RadioandMusic
| 27 Apr 2024
16709
Neel Mason: "Copyright amendments are prospective, authors/composers or producers cannot claim any royalty"

Mason & Associates managing partner Neel Mason has given an in-depth explanation on the implementation of Copyright Amendment Act 2012 and its repercussions on stakeholders.

The amended statute is very clear that the only class of persons who cannot assign their right to receive royalty is the author of literary and musical works included in a cinematographic film or sound recording. While the author of the sound recording is the producer, restriction has not been made for sound recordings so being the author of a sound recording is irrelevant for the purposes of the amendment. Additionally being the first owner of copyright is distinct from the author so even if the producers claim to be first owners of copyright (as was the case) the amendments do not make them the author of the literary and musical works. Therefore the producer can assign or waive their right to claim royalties.  Also as the legislation does not confer a right to receive royalties even prospectively (by way of a negative covenant of not assigning or waiving their right to receive royalty) the question of producers claiming this right on past catalogue clearly does not arise.

If a query arises on whether one needs to pay for past catalogue to the author of literary and musical compositions for the relevant exploitation of the works going forward, then it must be first kept in mind that publishing rights will now be licensed by the IPRS (or any new body that is formed within a year and the constitution of the IPRS has to change). Also the amendments are prospective in nature which essentially means that NO past agreement will be declared void if it does not adhere to the principles as laid down by the amendments. Therefore the consideration paid under those agreements and the rights vested under such agreements and arrangements will continue to be valid.
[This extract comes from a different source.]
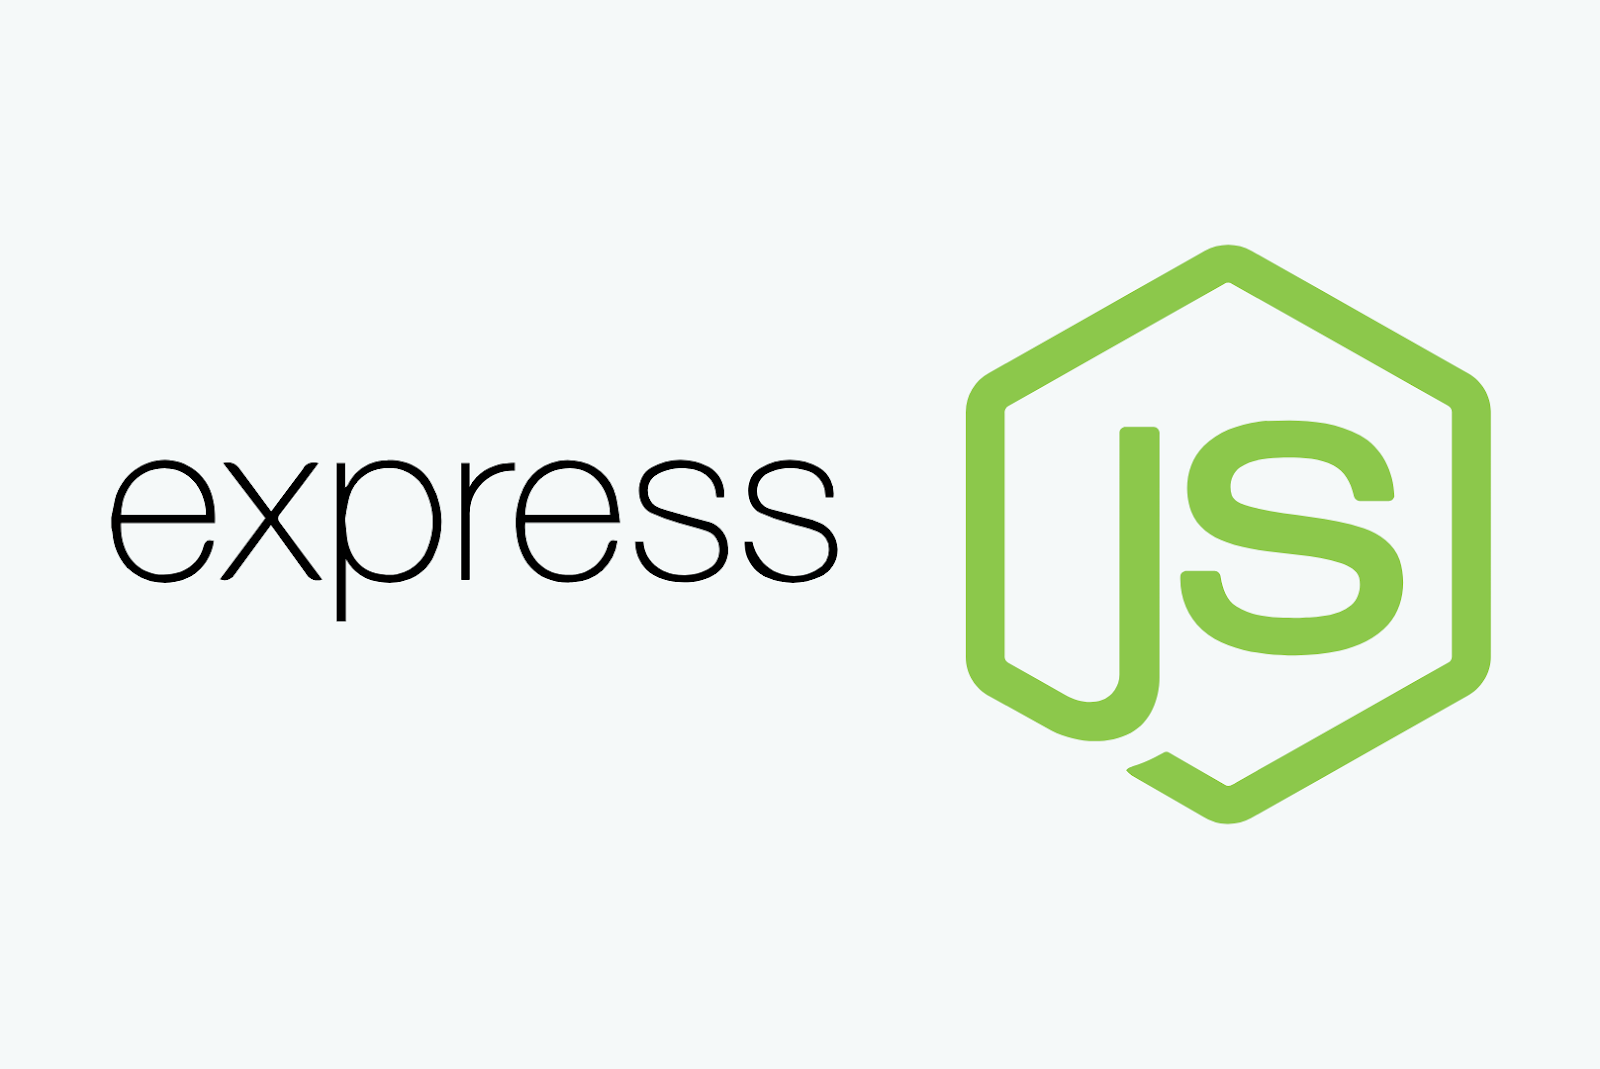 Express.js for JavaScript applications development
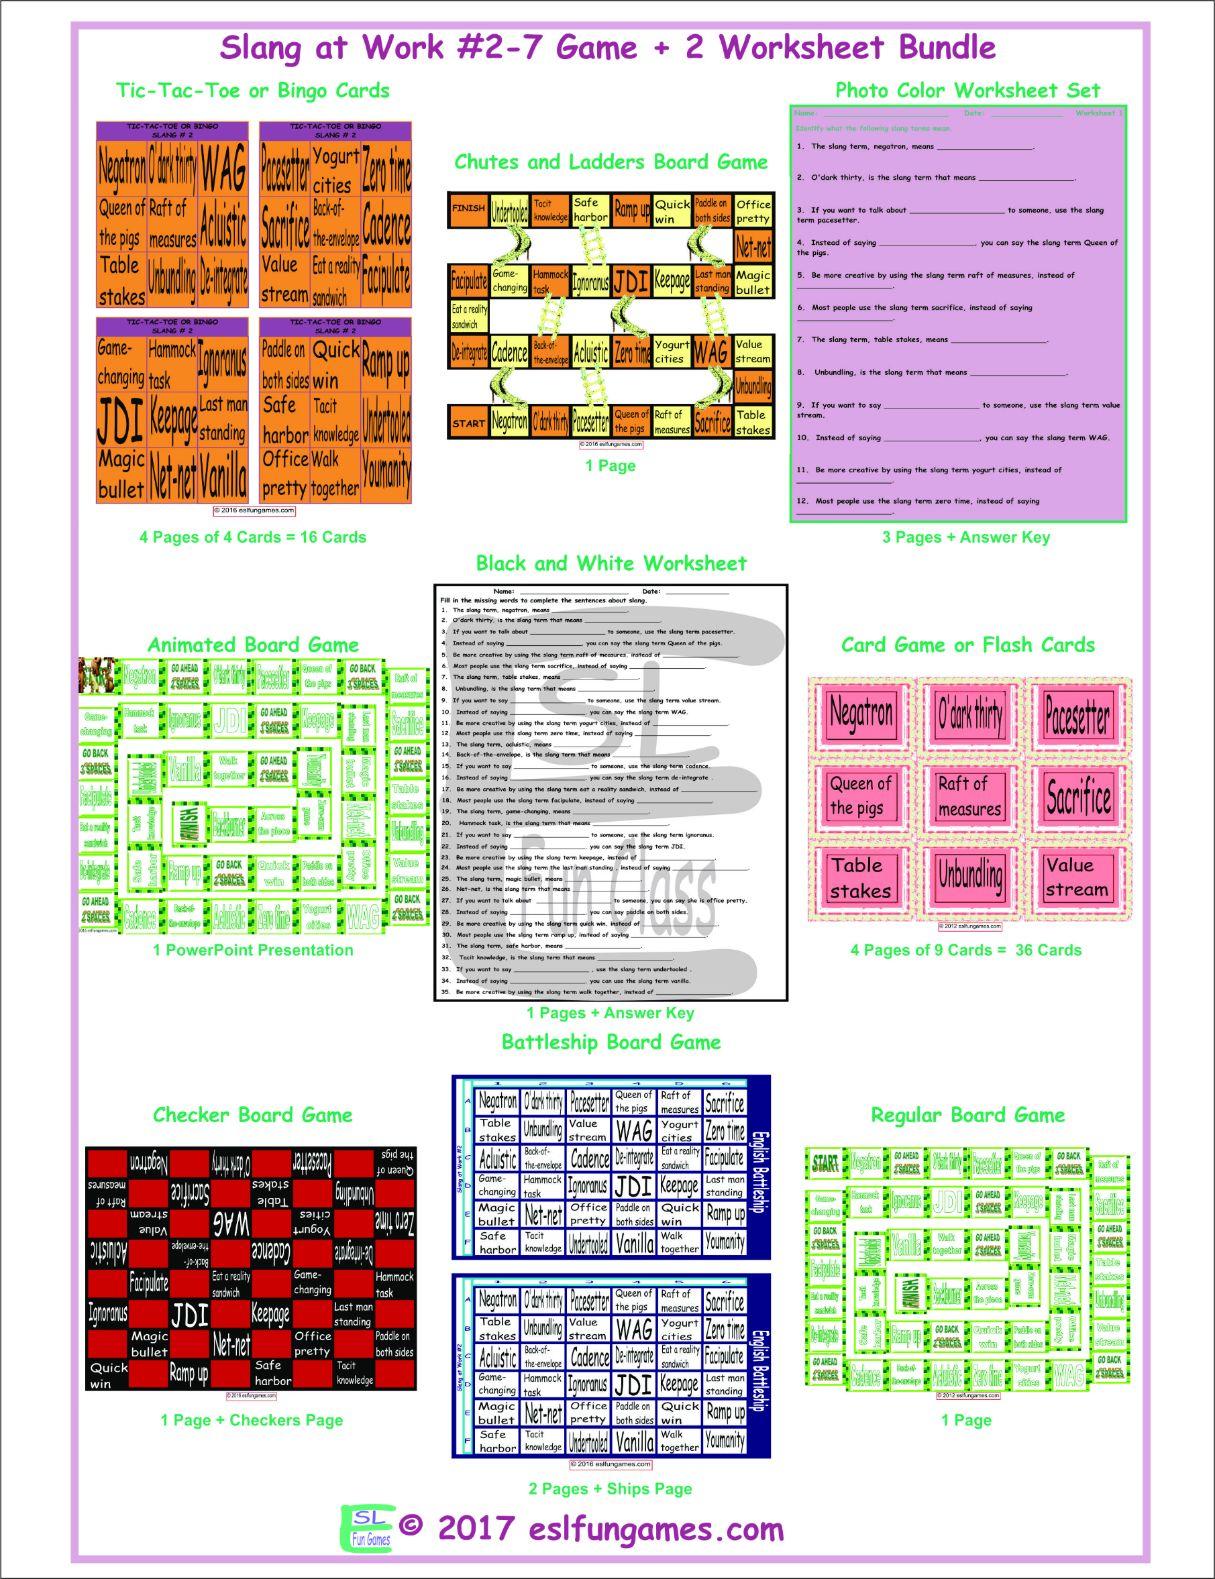 Slang At Work 2 7 Game Plus 2 Worksheet Bundle

Certain rights have been vested and unless the legislation specifically divests a party of such rights, there appears to be no mandate to pay for past catalogue.
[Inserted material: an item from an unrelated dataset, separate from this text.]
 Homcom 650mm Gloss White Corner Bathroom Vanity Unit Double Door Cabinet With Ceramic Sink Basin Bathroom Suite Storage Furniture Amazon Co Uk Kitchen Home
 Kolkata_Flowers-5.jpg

It is also noteworthy that the amendments only refer to authors of literary and musical works. The producer does not fall under the category of author of a literary or musical works. The producer of a sound recording is an author but the author of the sound recording is not covered by the amendments. The producers in the past have been considered as first owners of copyright of literary and musical works. However they are the first owners of copyright and not the authors and the amendments specifically refer to authors of literary and musical works and therefore they cannot ask for a share of revenue going forward. Moreover the amendments are prospective and thus neither authors/composers nor the producers will be able to claim any royalties for exploitation now going forward for rights assigned in the past.